If the Neighbours were to have brought this motion on the basis that the data collected and presented by the TRCA and Mr. Russell regarding slope stability was, in their submission, wholly wrong and faulty, such that one could anticipate, if the appeal were allowed, that it would have dire consequences for the stability of the Neighbours' own structures or land. That has not been the case here.


Both Ms. Pepino and Ms. Stewart asked that they be able to make submissions on costs. In the interests of everyone's schedules, Mr. Daniel Pascoe, Registrar, will contact each directly, as well as Mr.
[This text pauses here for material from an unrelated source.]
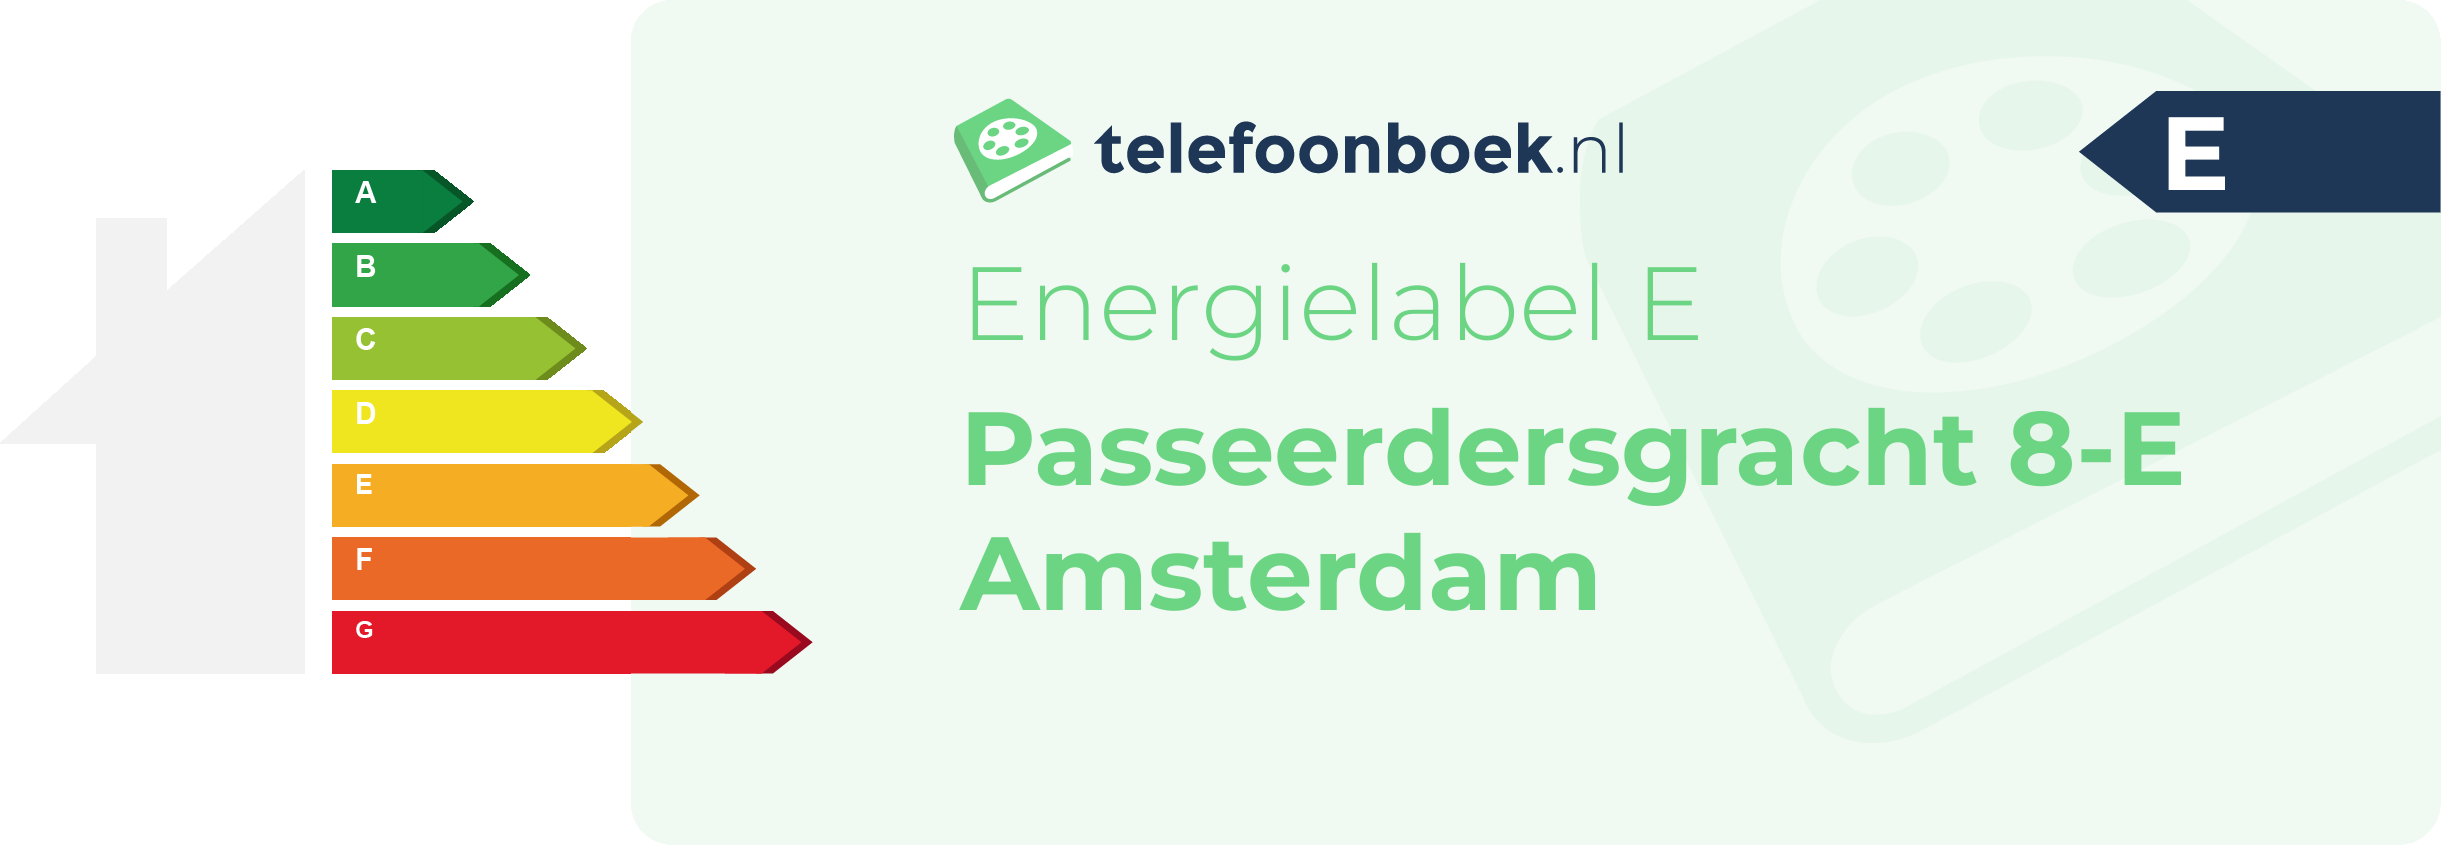 Energielabel Passeerdersgracht 8-E Amsterdam

Jonathan Wigley, counsel with carriage of this file on behalf of the TRCA, to establish a workable schedule for filing written submissions on costs and an Order to File will be issued accordingly.

Order to file on the merits

Similarly, Mr. Pascoe will consult with counsel regarding acceptable dates for filing of materials on the merits, following which an Order to File will be issued in due course. It is strongly suggested that dates and length of time for a hearing also enter into these discussions so that an Appointment for Hearing may be issued and that the scheduling of the hearing in this matter can proceed in the most expeditious time frames possible under the circumstances.


For all of the above reasons, the motion of the Neighbours to be added as parties to Mr. Russell's appeal is denied. Their application will be dismissed.